Изменить размер шрифта - +
Повторов и многословия в последних главах как не бывало: большое пространство, огромная высота, видно далеко во все концы света. Словно взят тяжелейший подъем — и можно выдохнуть во всю широченную грудь. Лучшее, что есть в советской военной поэзии — так мне кажется, хотя вообще-то на таких вершинах уже нет иерархии, тут и Симонов, и Слуцкий, и Самойлов, и Гудзенко, и окопные гении вроде Константина Левина или Иона Дегена, — глава «По дороге на Берлин». Сколько б я ее ни перечитывал — слезы, куда денешься.

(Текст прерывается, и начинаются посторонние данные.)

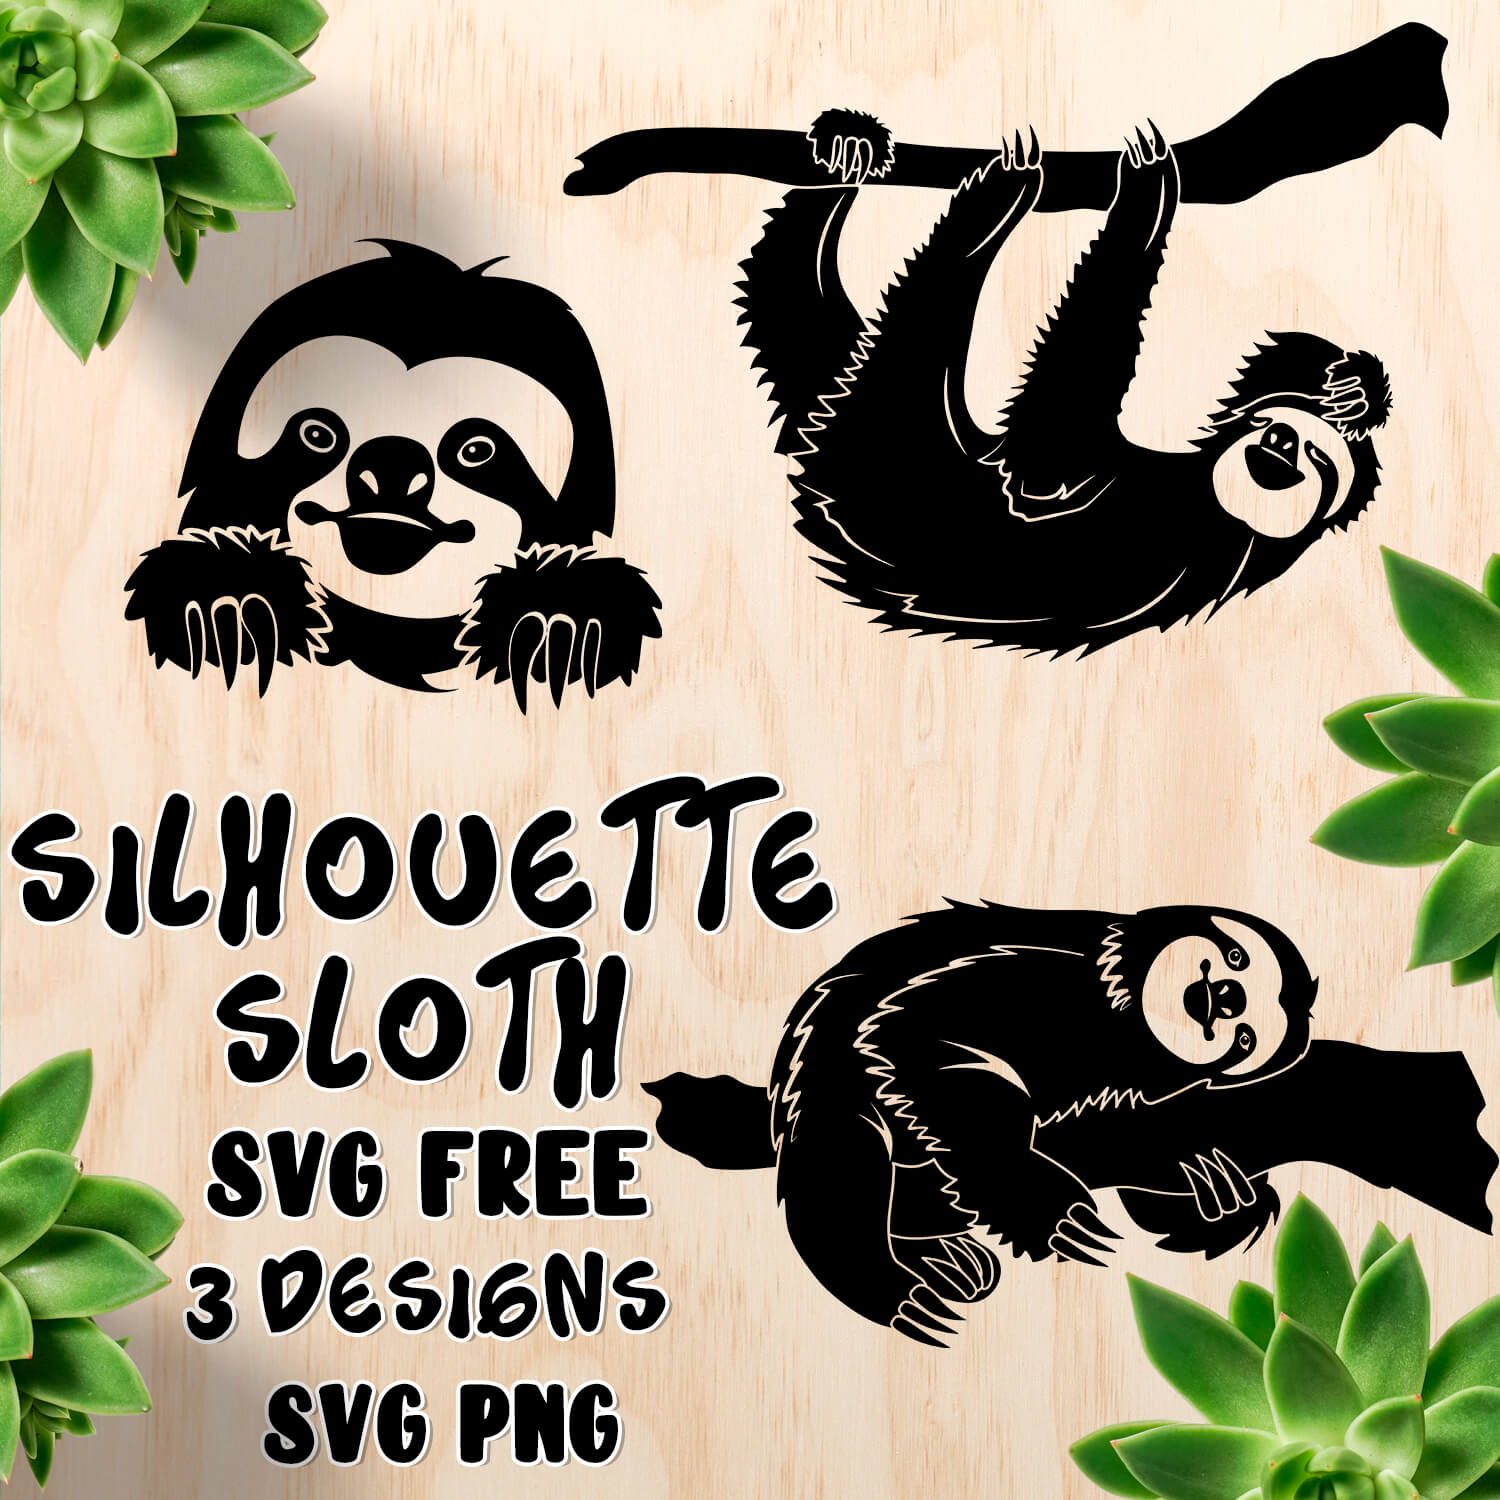 Silhouette Sloth SVG Free.

Свет того добра и того счастья до сих пор светит. Только в «Теркине» сохранилось в абсолютной неприкосновенности и полноте живое вещество войны — и Победы. Здесь не миф, не аргумент в споре, не поиск исторической правды, которой никогда не находят, — здесь как оно все было. И поскольку на «Теркина» продолжают отзываться и те, кто рожден через тридцать, сорок, пятьдесят лет после войны, — значит, то, чем выиграна эта война, до сих пор живо. Да куда оно и денется.

 

Когда Твардовский в присутствии Хрущева «и других официальных лиц» (бытовала такая формулировка) дочитал «Теркина на том свете», Хрущев спросил притихших главных редакторов: «Кто смелый? Кто ЭТО возьмет?».

Это была, в общем, не шутка первого лица насчет своих полномочий — в духе сталинских сомнительных острот: «Я не хотел подписывать договор с Гитлером, но Молотов заставил». Хрущев был человек с чутьем и понимал, что для публикации этой вещи — даже понравившейся первому лицу — нужна реальная смелость; и не потому, что это очень уж резкая сатира. Положа руку на сердце, «Теркин на том свете» — вещь не смешная даже по меркам 1964 года. Твардовский не юморист, хотя мрачно пошутить умел (гениальный ответ 1970 года на вопрос партфункционера, как, мол, дела: «Пережили лето горячее, переживем и говно собачее»). Читать этого второго «Теркина» тяжело, не скучно, а муторно, и писать было не веселее; не зря на Западе его тут же сравнили с Кафкой, что Твардовский в рабочих дневниках отметил с благодарностью. Никакой особенной дерзости в высмеивании советской бюрократии при Хрущеве уже не было, и даже шутка насчет раздвоения того света на наш и капиталистический не храбрее «Незнайки на Луне», где классовая борьба переносится в космос. Отважней всего была догадка о том, что советское общество — ну да, мертво; что попав на тот свет в 1943 году, Теркин угодил, в сущности, во вторую половину пятидесятых.

Поразительно, как безрадостны сочинения Твардовского в последние пятнадцать лет: казалось бы, оттепель, блестящая плеяда молодых талантов, приличный — по собственному его мнению — человек на самом верху, и сам «Трифоныч», хоть и преодолевая бешеное сопротивление, делает лучший и правдивейший журнал, но лирике не соврешь. И поздняя его лирика угрюма, задолго до смерти прощальна и завещательна, и последние поэмы проникнуты горечью, стыдом, тоской: может, до разоблачений второй половины пятидесятых он в самом деле не представлял масштаба сталинских преступлений и был раздавлен этой правдой? Не думаю: как-никак он был сыном сосланного кулака и о трагедии сельской России знал побольше других. «Не он бы писал, не я бы читал», — сказал Трифонову о гроссмановском «Все течет». Скорей причина его оттепельной мрачности в другом: его поколение лучше молодых понимало, что оттепелью ничего не исправишь. Иллюзии могли быть у тех, кто родился в начале тридцатых. А у тех, кто застал великие проекты двадцатых и вдохновлялся их грандиозным утопизмом, к пятидесятым годам не осталось иллюзий: дело мертвое. Косметические перемены не спасут, а на глобальные никто не пойдет. Теркин — символ России, в чем и сам автор не сомневался. И потому поэма его — про Россию на том свете, про страну, в которой не осталось ни глотка живой воды.